In [1]:
import pandas as pd
import xarray as xr
import numpy as np
import zarr
import gcsfs
import dask
import dask.array
import matplotlib
import matplotlib.pyplot as plt
from matplotlib import animation
import cv2 as cv
from skimage import metrics
from IPython.display import HTML

In [14]:
# Override is_retriable.  Google Cloud sometimes throws
# a HttpError code 400.  gcsfs considers this to not be retriable.
# But it is retriable!

def is_retriable(exception):
    """Returns True if this exception is retriable."""
    errs = list(range(500, 505)) + [
        # Jack's addition.  Google Cloud occasionally throws Bad Requests for no apparent reason.
        400,
        # Request Timeout
        408,
        # Too Many Requests
        429,
    ]
    errs += [str(e) for e in errs]
    if isinstance(exception, gcsfs.utils.HttpError):
        return exception.code in errs

    return isinstance(exception, gcsfs.utils.RETRIABLE_EXCEPTIONS)

gcsfs.utils.is_retriable = is_retriable

In [15]:
assert gcsfs.utils.is_retriable(gcsfs.utils.HttpError({'code': 400}))

In [2]:
ZARR = 'solar-pv-nowcasting-data/satellite/EUMETSAT/SEVIRI_RSS/OSGB36/all_zarr_int16'
gcs = gcsfs.GCSFileSystem()
store = gcsfs.GCSMap(root=ZARR, gcs=gcs)

In [6]:
gcs.retries = 20

In [3]:
%%time
dataset = xr.open_zarr(store, consolidated=True)

CPU times: user 5.56 s, sys: 435 ms, total: 6 s
Wall time: 3min 17s


In [4]:
source_array = dataset['stacked_eumetsat_data']

In [8]:
source_array = source_array.astype(np.float32).where(source_array != -1, np.NaN)

In [10]:
%%time
source_array.mean(dim=['time', 'x', 'y']).compute()

In [11]:
%%time
source_array.std(dim=['time', 'x', 'y']).compute()
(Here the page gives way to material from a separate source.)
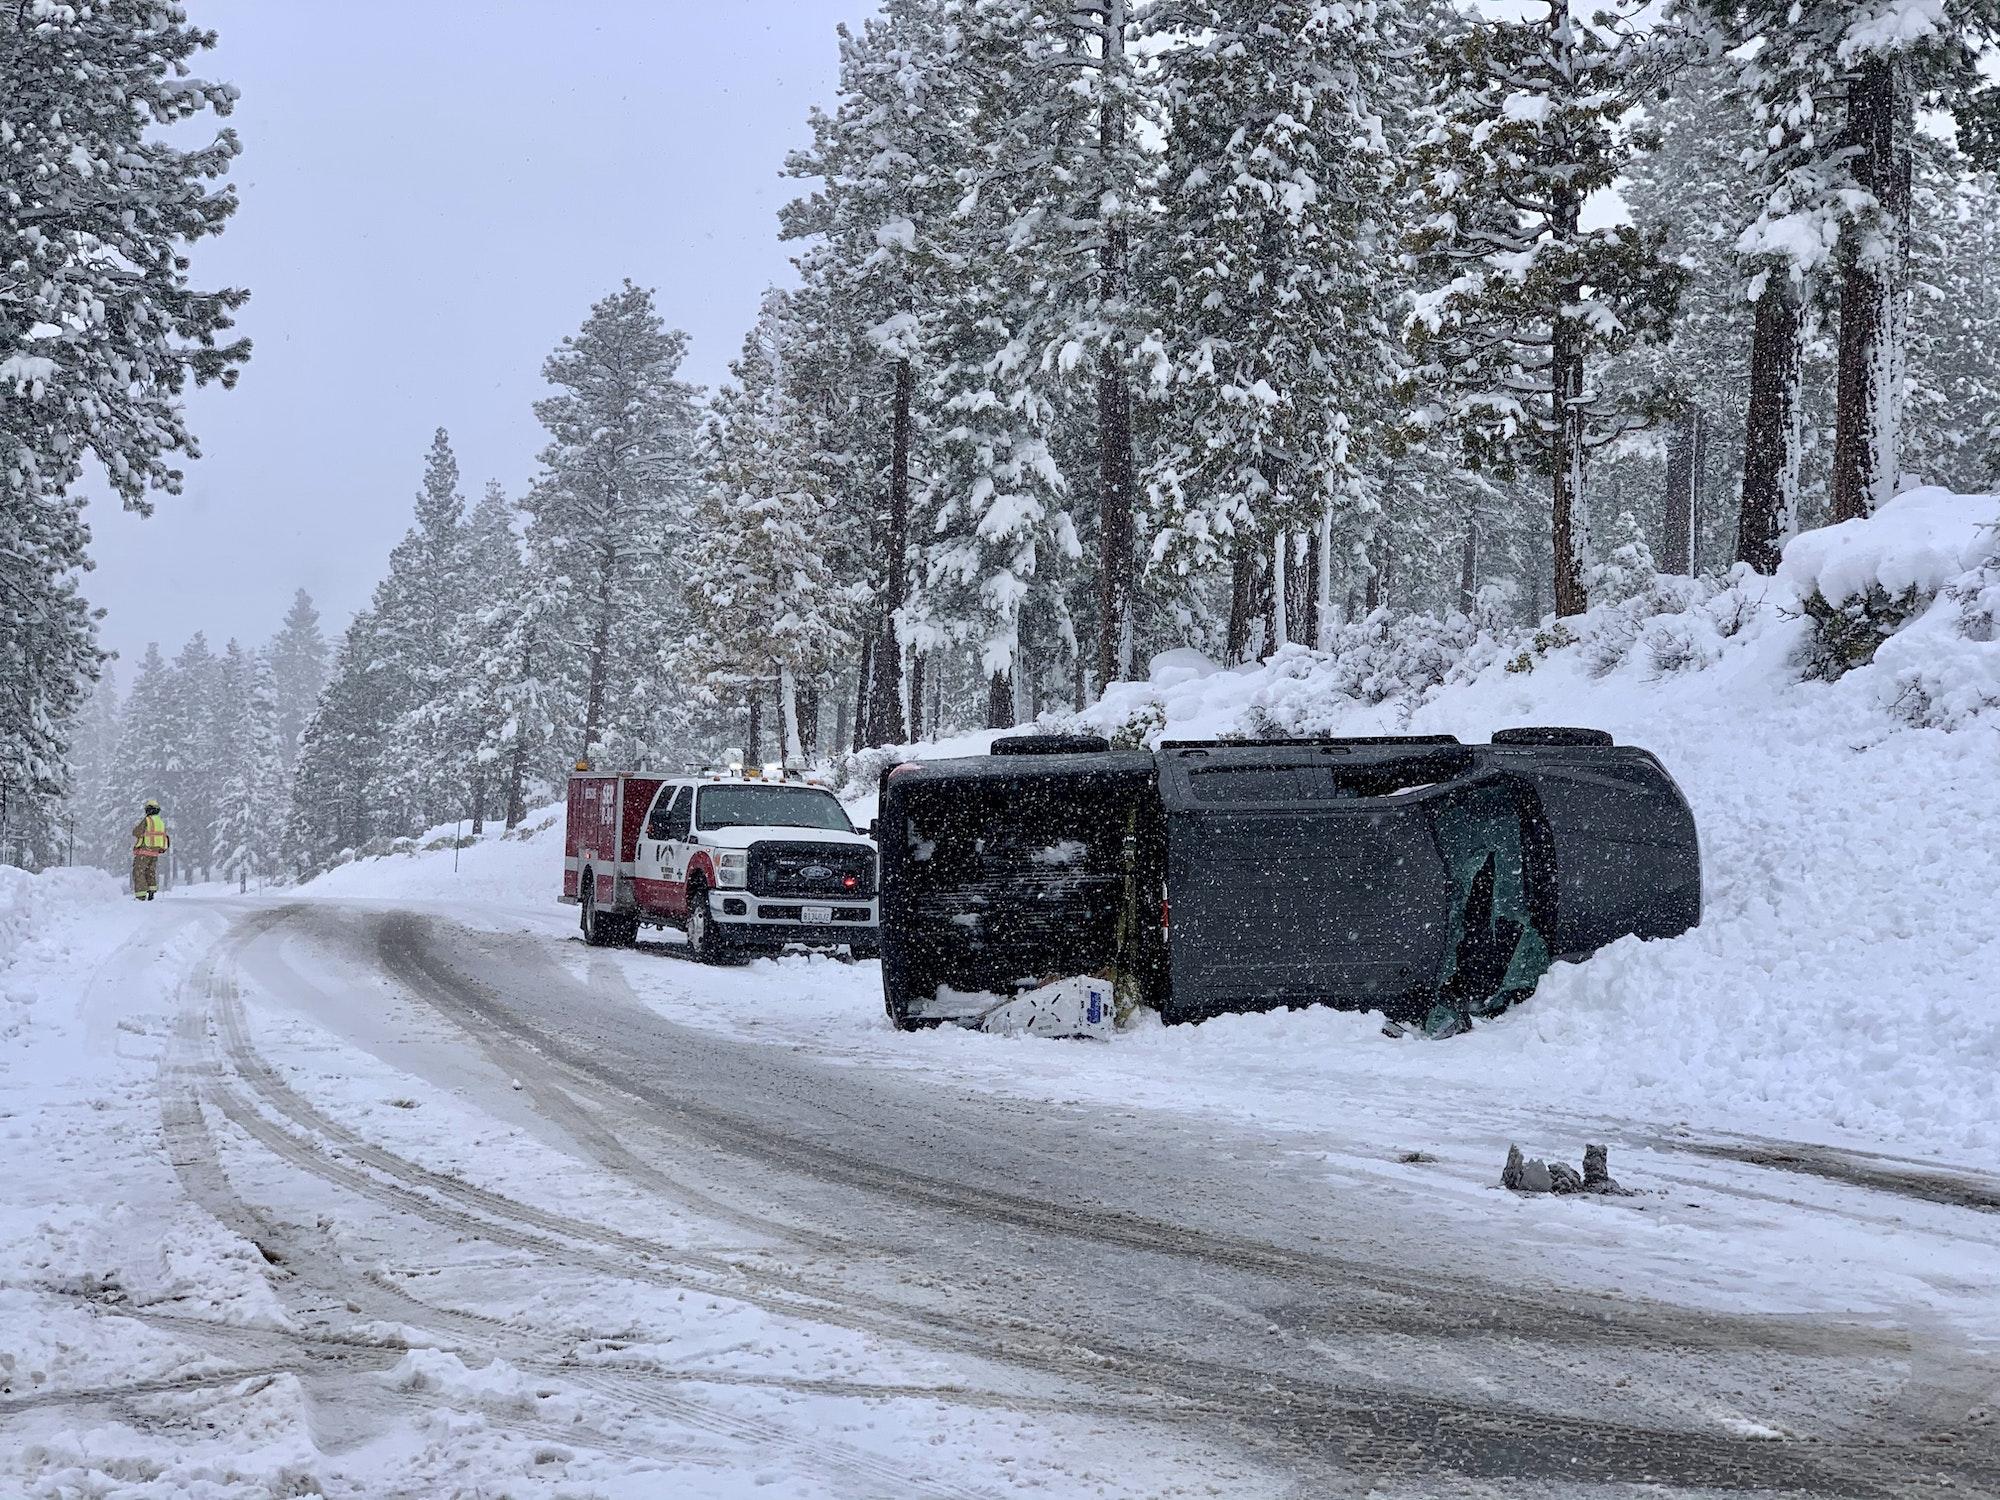 Snowy black truck rollover on Highway 89 N
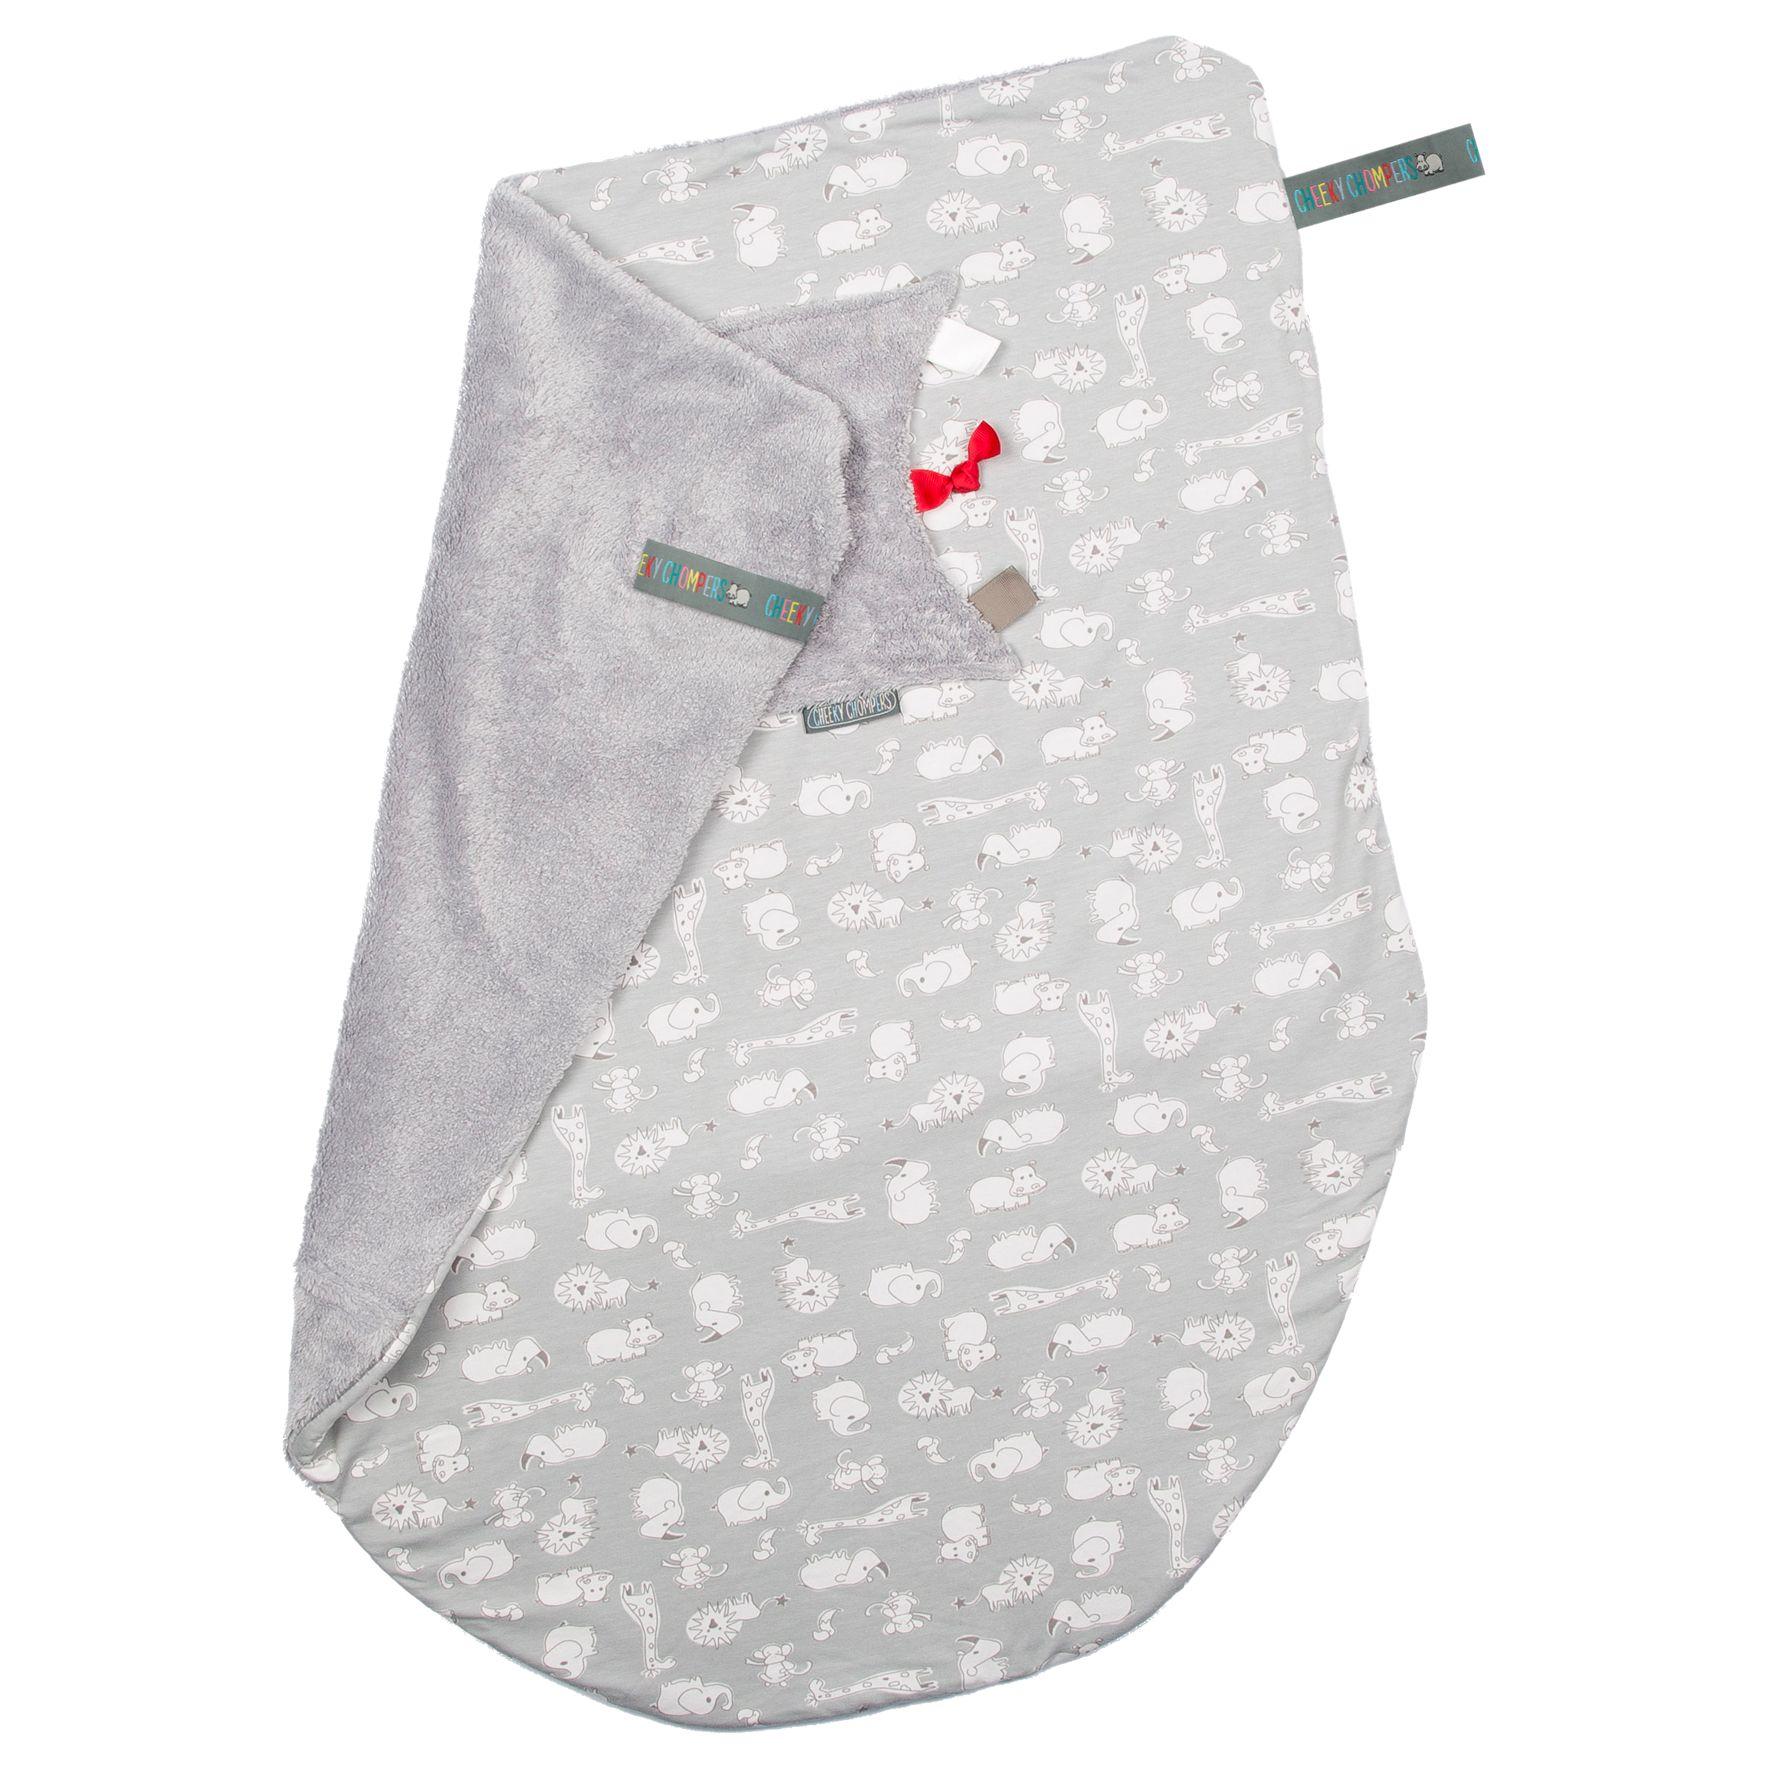 Cheeky Chompers Cheeky Chompers Baby Safari Blanket, Grey/White

CPU times: user 4h 34min 35s, sys: 1h 34min 27s, total: 6h 9min 2s
Wall time: 1h 9min 2s


In [16]:
%%time
source_array.max(dim=['time', 'x', 'y']).compute()

CPU times: user 1h 52min 10s, sys: 24min 33s, total: 2h 16min 43s
Wall time: 41min 17s


In [17]:
%%time
source_array.min(dim=['time', 'x', 'y']).compute()

CPU times: user 1h 52min 17s, sys: 24min 12s, total: 2h 16min 29s
Wall time: 40min 55s